O Governo nomeou há três anos um grupo de trabalho para perceber o que corre mal nos casos em que a violência doméstica acaba com a morte da vítima. No entanto, não só as suas recomendações não têm tido seguimento, como os juízes e os procuradores não lhe têm passado informação sobre os casos que decidem.
O cenário é traçado pelo procurador Rui do Carmo, que dirige a equipa de Análise Retrospetiva de Homicídio em Violência Doméstica. No programa da Renascença "Em Nome da Lei", Rui do Carmo revela que no último ano recebeu apenas “a comunicação de dois casos”, acabando por ser os membros da equipa a ter de investigar pelos seus próprios meios, sendo que todos estão em acumulação de funções e têm por isso pouca disponibilidade.
Rui do Carmo diz, por isso, que “é preciso haver mais colaboração entre as entidades envolvidas. E é preciso também ultrapassar muitas inércias do sistema”. O procurador que lidera esta equipa e dirigiu também a comissão contra a violência doméstica, que entretanto terminou o seu trabalho, denuncia que "há muito pouca proatividade na investigação destes crime” e, assim, o caso corre sempre o risco de morrer, com o silêncio da vítima.
Em 2018, cerca de 60% dos inquéritos relativos a violência doméstica acabaram arquivados. A desembargadora Maria Matos desconfia que, “pelo menos em alguns deles, na origem do arquivamento esteve a recusa da vítima em depor”. Maria Matos defende por isso "uma alteração no Código de Processo Penal de forma a que, quando a testemunha é a vítima de violência doméstica, não possa invocar a norma que lhe dá o direito a não testemunhar por ter uma relação de parentesco com o agressor”.
Maria Matos vê ”com tristeza e perplexidade” o facto de os juízes não darem informações sobre os seus processo de violência doméstica, como é seu dever. E diz que” é um sintoma de que não chega uma boa formação técnica em Direito. Há outras áreas do saber, como a sociologia e a psicologia, que são muito importantes para o juiz.”
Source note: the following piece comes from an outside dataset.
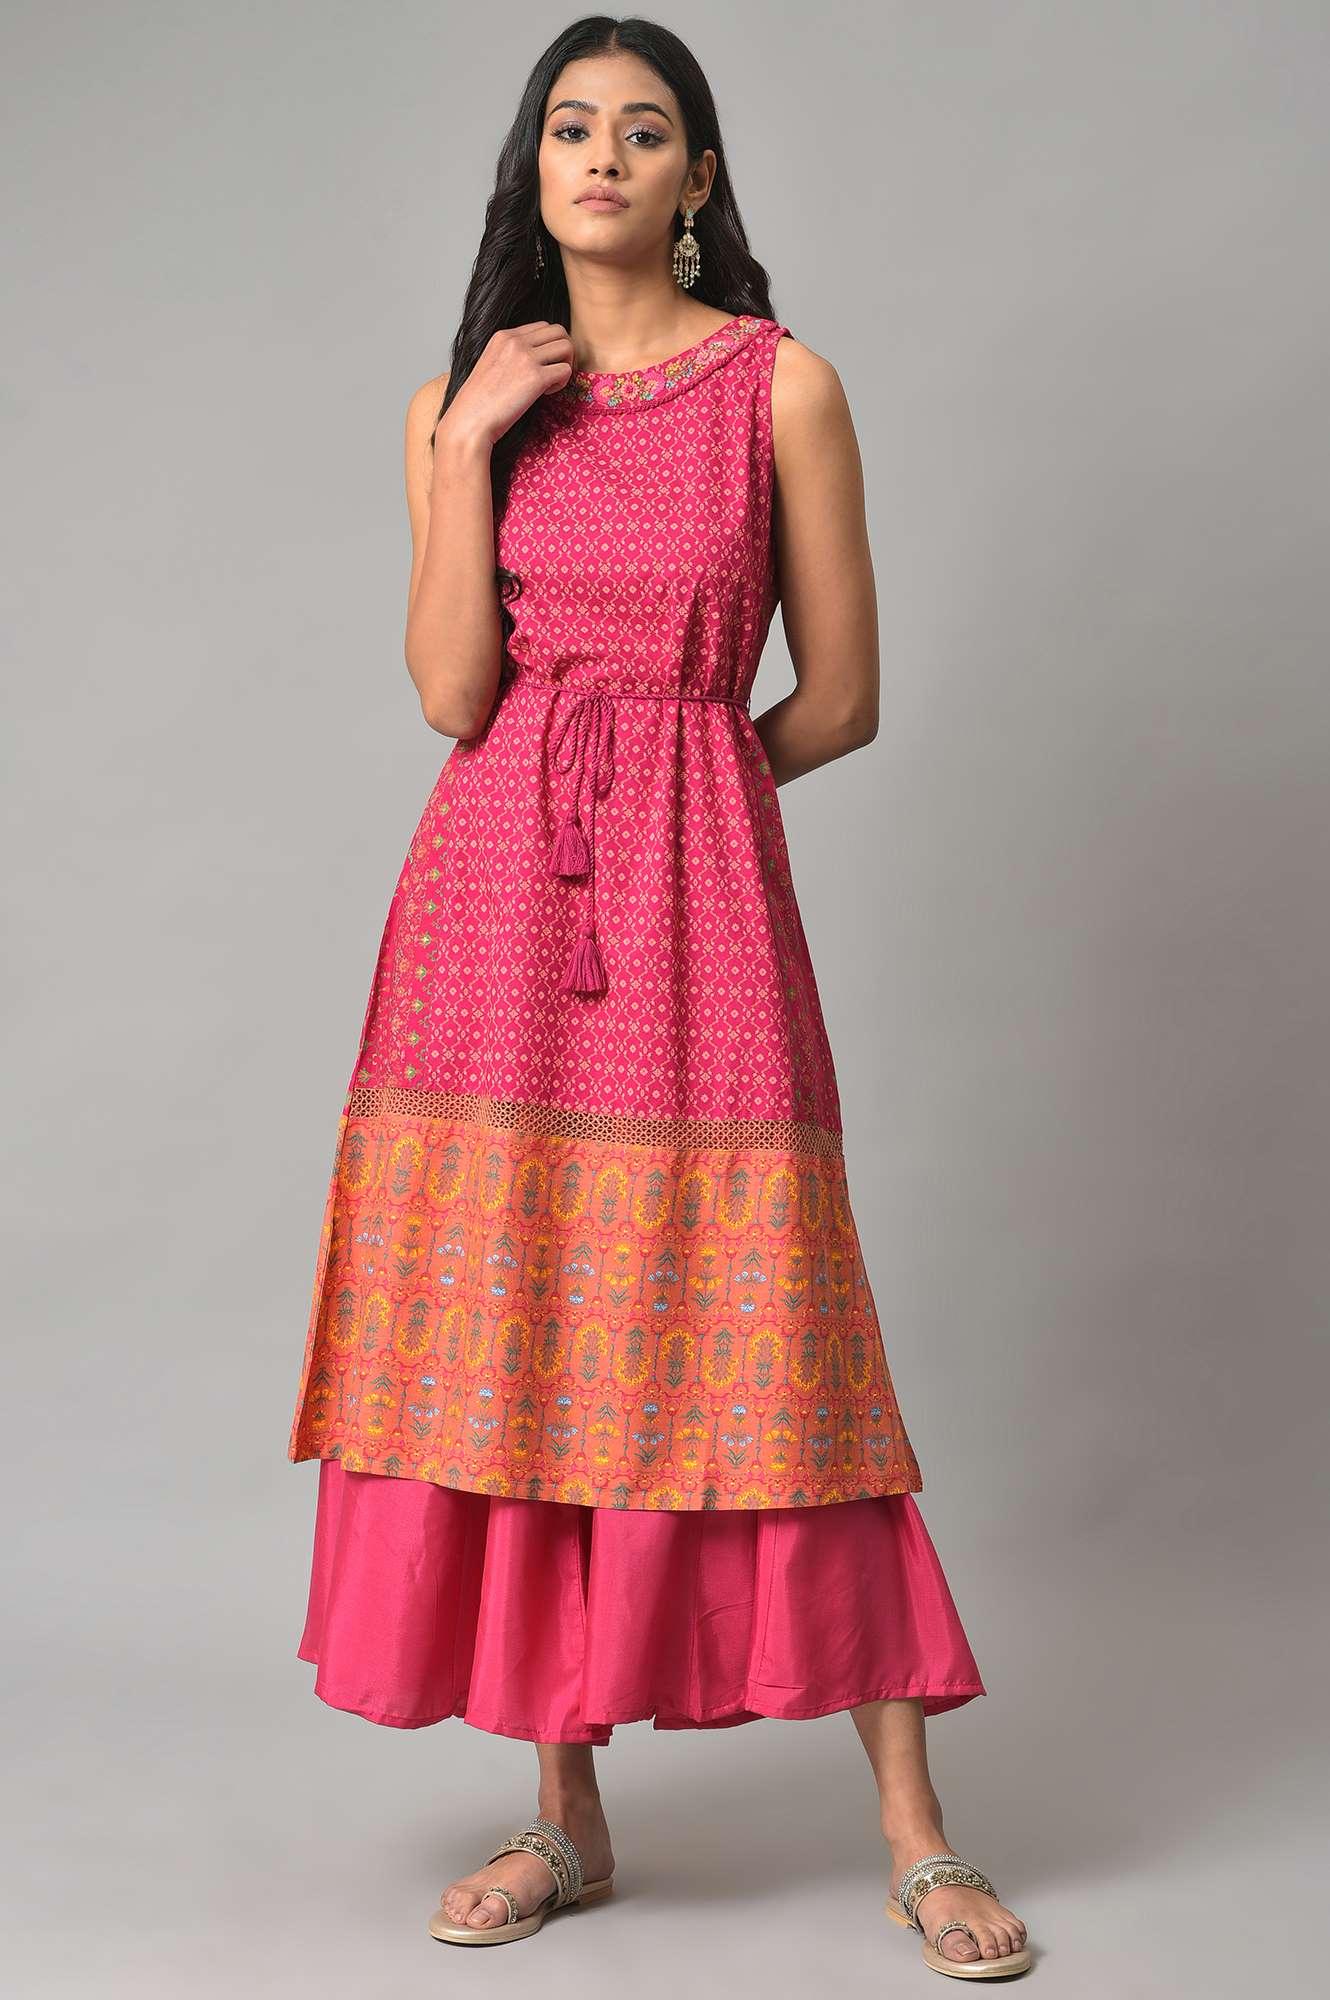 Dark Pink Sleeveless A-Line Dress With Embroidery - wforwoman

O procurador Miguel Ângelo Carmo, que coordena o grupo de trabalho para a definição de uma estratégia contra violência doméstica, admite que o sistema não melhora com a rapidez que todos desejavam. Ainda assim, garante que há medidas já tomadas e outras em marcha, nomeadamente o tão falado manual de procedimentos para as polícias nas 72 horas a seguir à apresentação da denúncia por mau tratos, em contexto de violência doméstica que dará aos órgãos de polícia criminal instruções sobre como agir.
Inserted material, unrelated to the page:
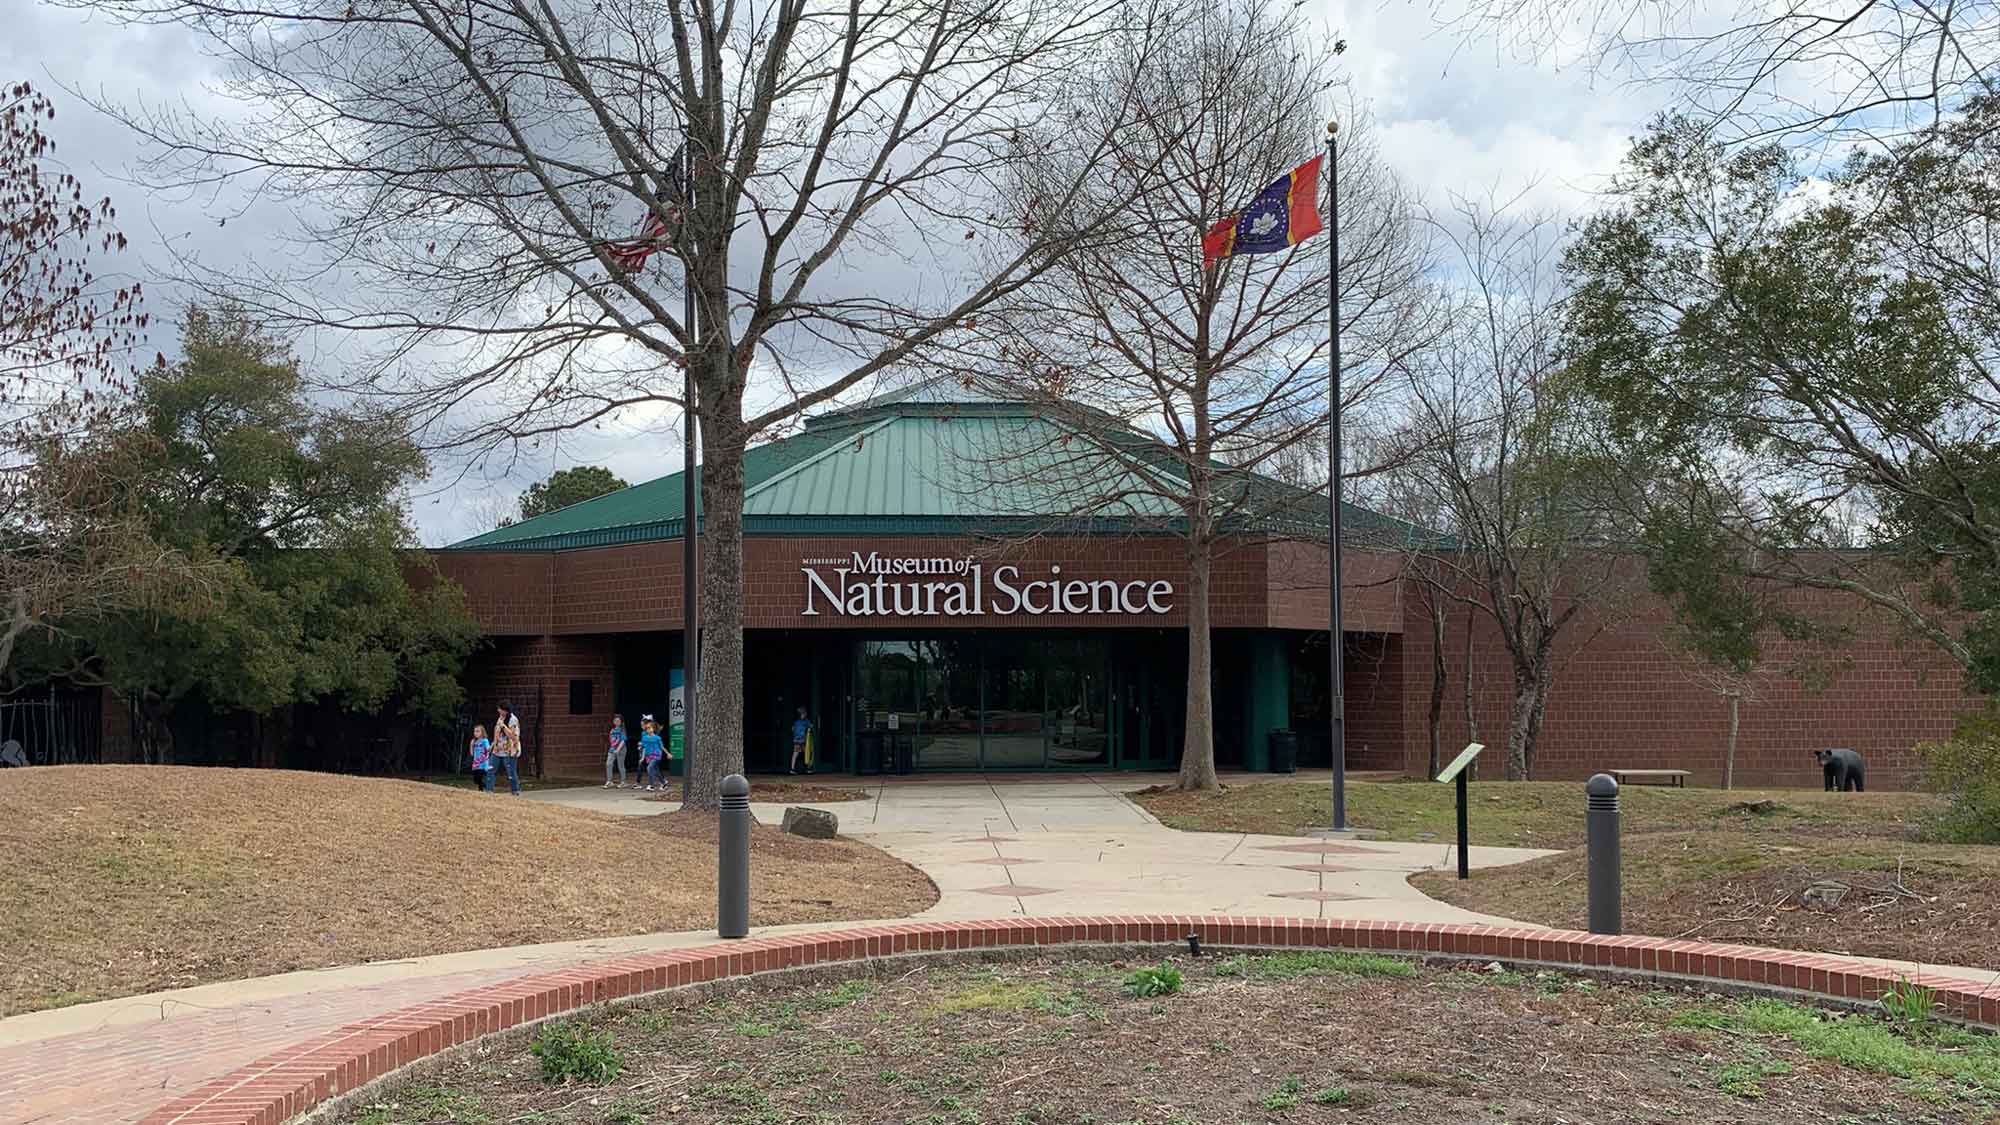 Photograph of the exterior of the Mississippi Museum of Natural History.

Enfermeira denuncia violência doméstica e é chamada à Ordem
Frederico Moiano Marques, da Associação Portuguesa de Apoio à Vítima (APAV), lembra que as entidades que intervêm nas primeiras horas têm um papel decisivo no processo e refere que um dos pontos do percurso onde as coisas por vezes não correm bem é nos hospitais. O jurista dá um exemplo recente de uma vítima de violência doméstica que foi atendida numa hospital em Portugal . A enfermeira que estava de serviço contactou o serviço social do hospital que, por sua vez, a encaminhou para a APAV.
“A enfermeira foi chamada à Ordem”, conta Moianao Marques, ”por ter quebrado o segredo profissional. Este tipo de situações acontecem com frequência”.
O advogado da APAV conta ainda que “um aspeto sistematicamente ignorado pelos juízes e magistrados é o impacto psicológico da violência doméstica .O sistema só se preocupa e só recolhe prova relativamente às consequências físicas da agressão.”
O Orçamento do Estado de 2020 prevê uma verba de 20,3 milhões de euros para a violência doméstica. Marta Silva, da Comissão para a Cidadania e a Igualdade de Género, revela que “a verba será gasta nomeadamente no reforço dos meios de vigilância eletrónica e de teleassistência”.
O programa "Em Nome da Lei" é emitido na Renascença, aos sábados, a seguir ao meio-dia e, em repetição, à meia noite.